- THE DATA -
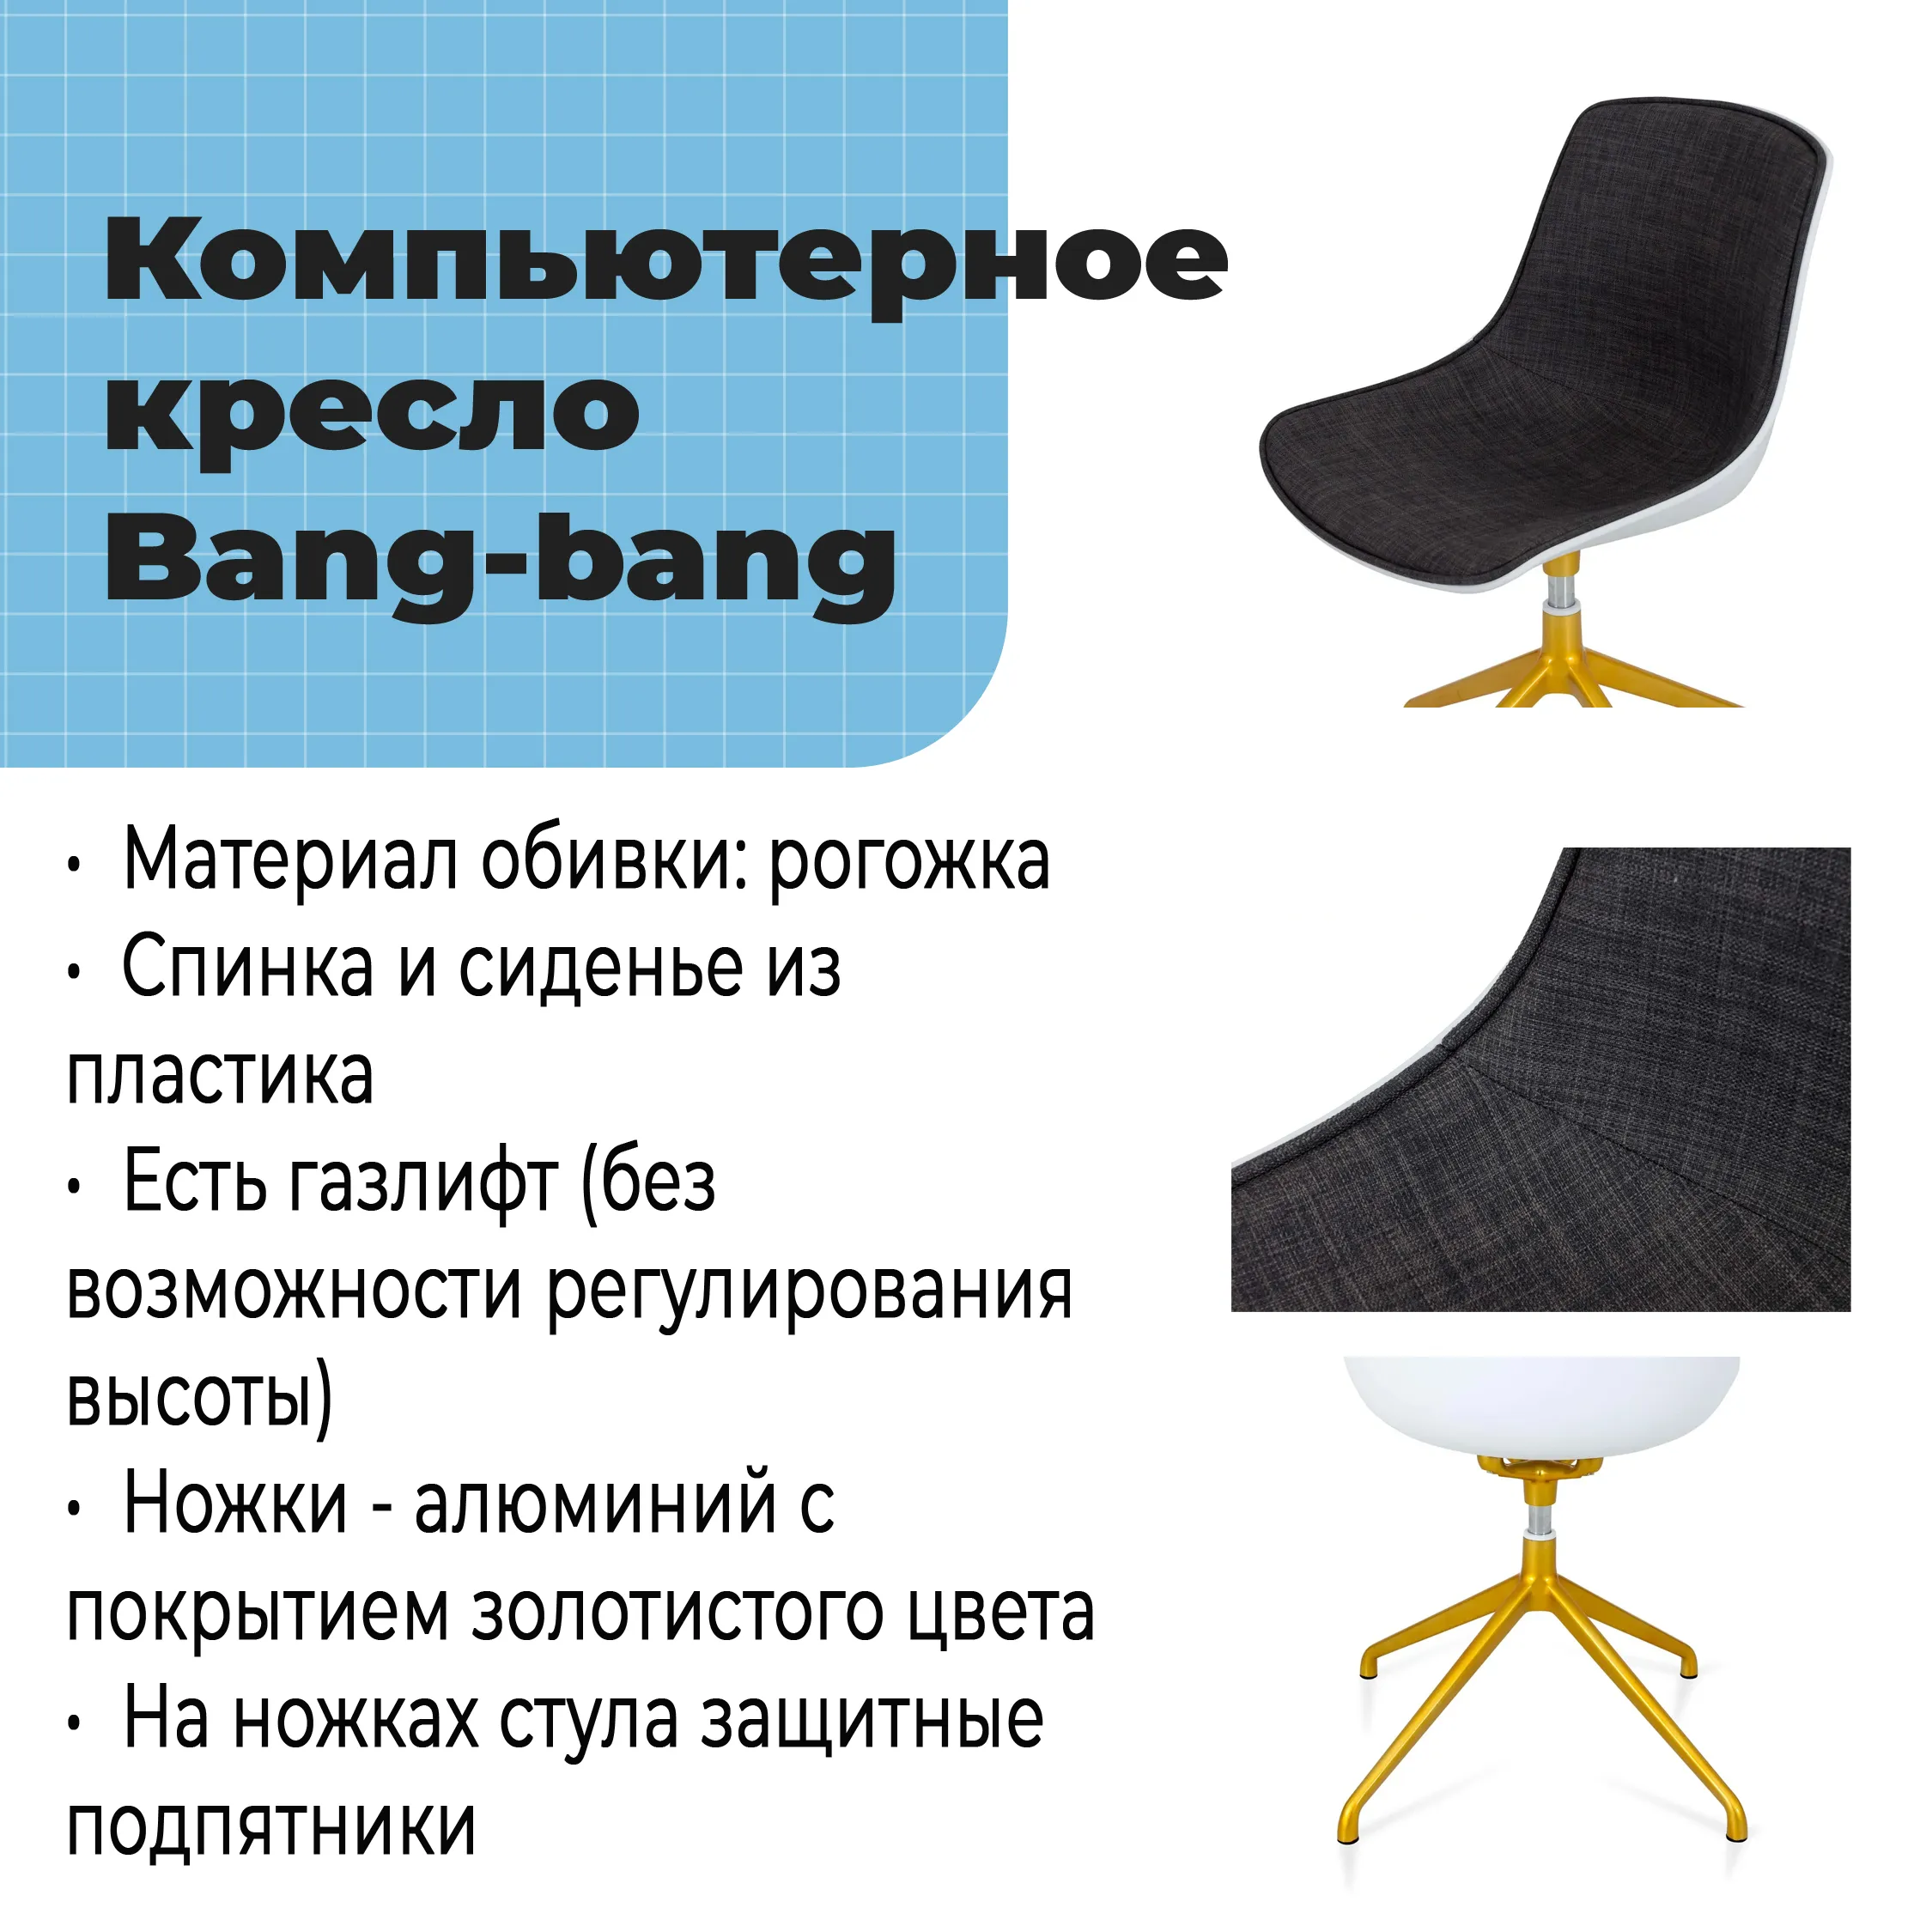 Компьютерное кресло Bang-bang золотистый
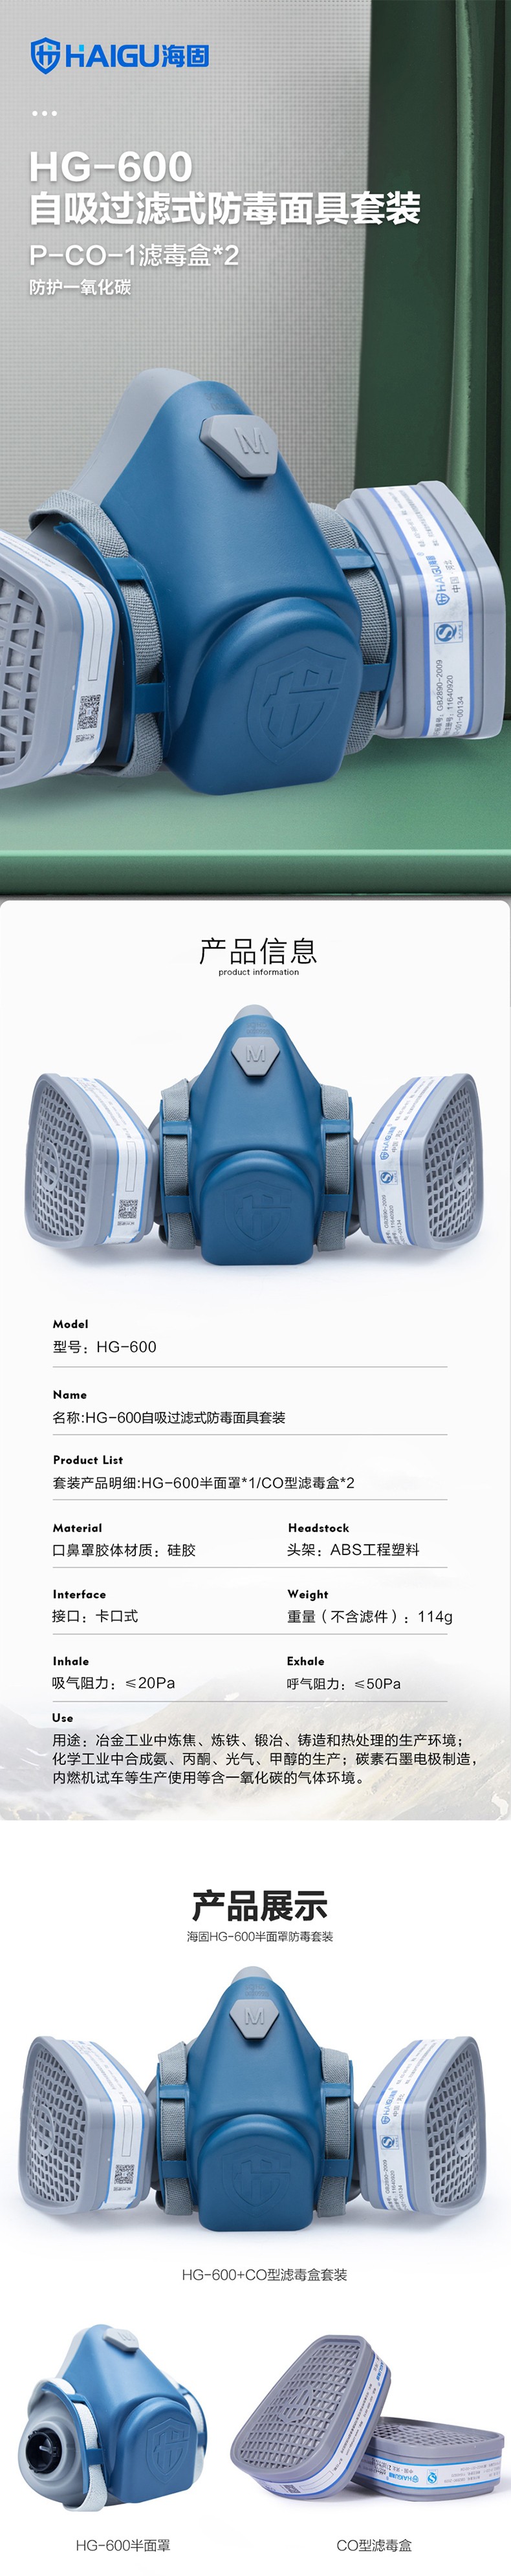 海固HG-600 P-CO-1一氧化碳气体防毒面具图片
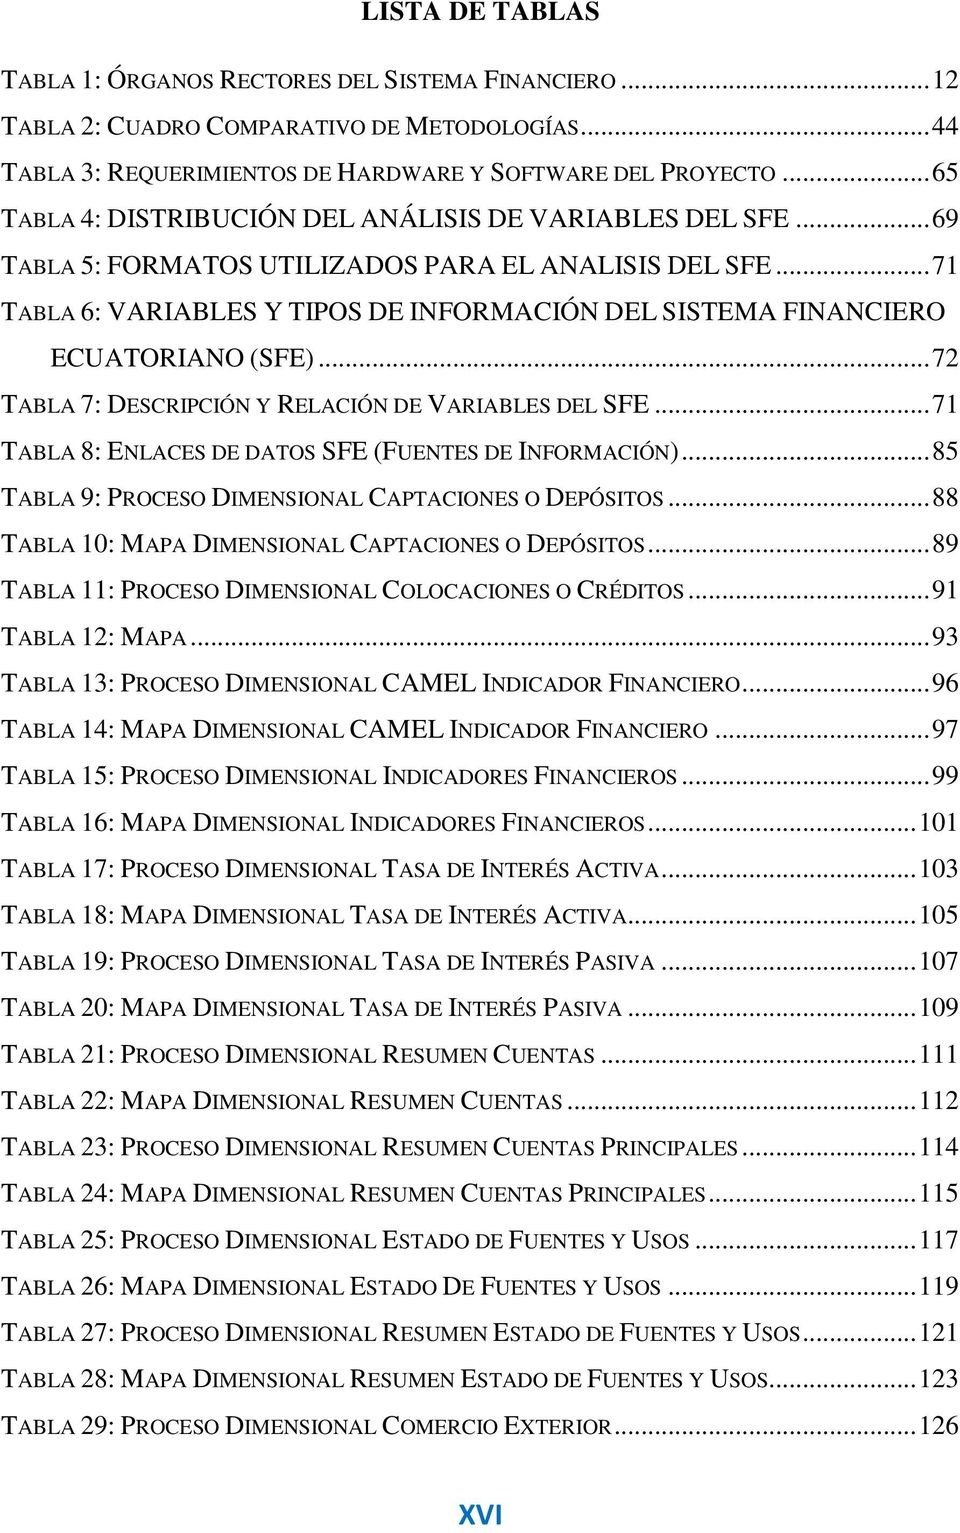 .. 71 TABLA 6: VARIABLES Y TIPOS DE INFORMACIÓN DEL SISTEMA FINANCIERO ECUATORIANO (SFE)... 72 TABLA 7: DESCRIPCIÓN Y RELACIÓN DE VARIABLES DEL SFE.

- WORK ORDER -
Set the lines down exactly as they stand, from the one containing "海固HG-600 P-CO-1一氧化碳气体防毒面具图片" through the end of the listing, omitting every picture.

- RESPONSE TO THE EXERCISE -
 海固HG-600 P-CO-1一氧化碳气体防毒面具图片
 .. 71 TABLA 6: VARIABLES Y TIPOS DE INFORMACIÓN DEL SISTEMA FINANCIERO ECUATORIANO (SFE)... 72 TABLA 7: DESCRIPCIÓN Y RELACIÓN DE VARIABLES DEL SFE.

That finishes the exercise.